Help the coach and divide the teams the way he wants.
Input
The first line of the input contains integers n and m (3 ≤ n ≤ 48, 0 ≤ m≤ n(n-1)/2. Then follow m lines, each contains a pair of integers ai, bi (1 ≤ ai < bi ≤ n) — the pair ai, bi means that students with numbers ai and bi want to be on the same team.
It is guaranteed that n is divisible by 3. It is guaranteed that each pair ai, bi occurs in the input at most once.
Output
If the required division into teams doesn’t exist, print number -1. Otherwise, print lines. In each line print three integers xi, yi, zi (1 ≤ xi, yi, zi ≤ n) — the i-th team.
If there are multiple answers, you are allowed to print any of them.
Examples
Input-1
3 0
Output-1
3 2 1
Input-2
6 4
1 2
2 3
3 4
5 6
Output-2
-1
Input-3
3 3
1 2
2 3
1 3
Output-3
3 2 1
题目有点长,放在博客里,考虑到有些人连接外网可能比较费劲
题意
有个编程教练,要将他的n个学生分成三人一组(输入保证:n%3==0),给出m组条件,表示两两学生ai,bi必须分配到同一组。如果符合题意,输出分组结果(组内顺序与各组顺序随意),否则,输出-1.

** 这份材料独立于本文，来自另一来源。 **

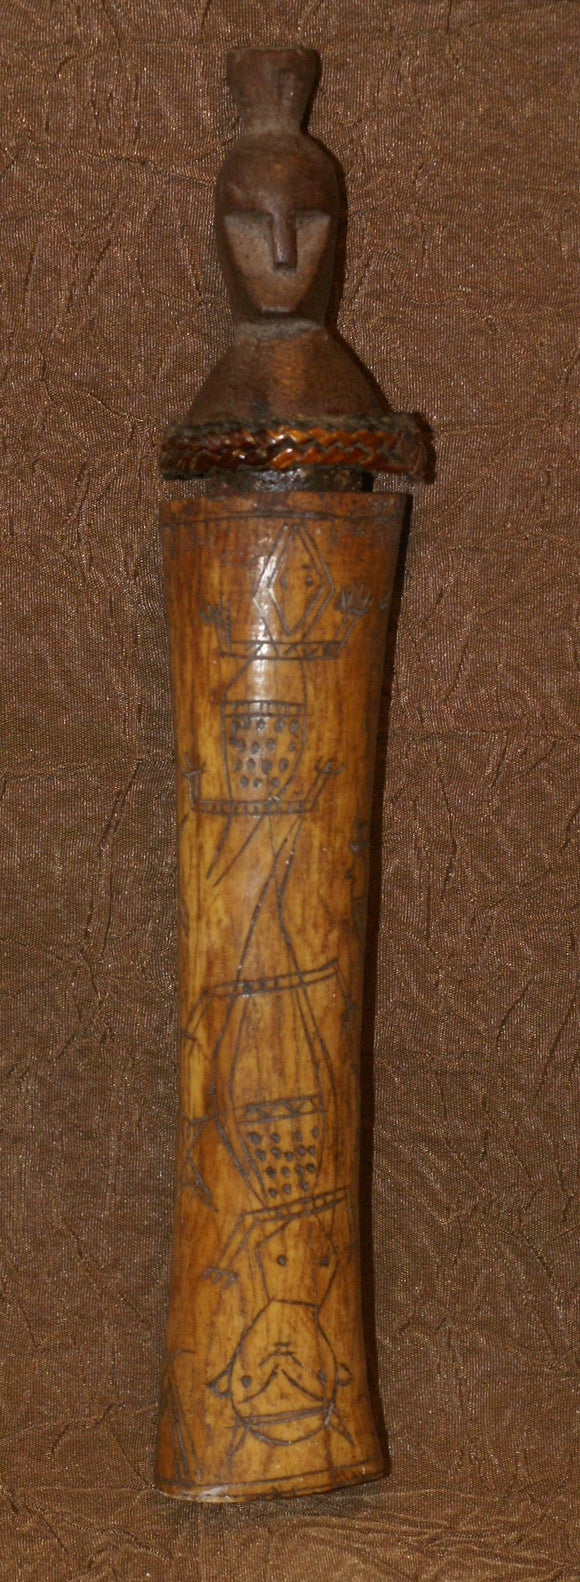 Old Unique Timorese Buffalo Bone Scrimshaw Hand Etched Lime Container, Ethnic Tribal  Flute Tube, Totem Effigy Motif with Hand Carved Wood Stopper Representing an Ancestor Face for Protection Against Evil, & used during the betel nut-lime habit. BN55

某度翻译是真的坑,“split into groups of three” 翻译成“分成三组”,我当时就傻了,然后一看原题…
以后再也不能偷懒直接机翻了…
分析
从题意上应该可以很容易看出是考察并查集,用并查集的两个基本操作,合并+查找,顺带路径压缩,使n个学生形成明显的组别,保存于f[]数组中。
当你完成了这一步,这题的难点也就来了。
首先,题目要求三人一组输出,但进行了“并查集”操作后,每个队员只能知道自己的队长是谁,队员之间互相不了解,队长也不知道队员是谁,甚至不知道有几个队员,这给我们的输出工作带来了不便(你硬要说for循环多扫几遍,边扫边统计,那我也没办法),我个人更倾向于将各组从乱序中剔出,即用node结构体储存每一个组,如果一个人不属于任何组,那就自成一组。此番处理,便于输出,也便于接下来的组间合并。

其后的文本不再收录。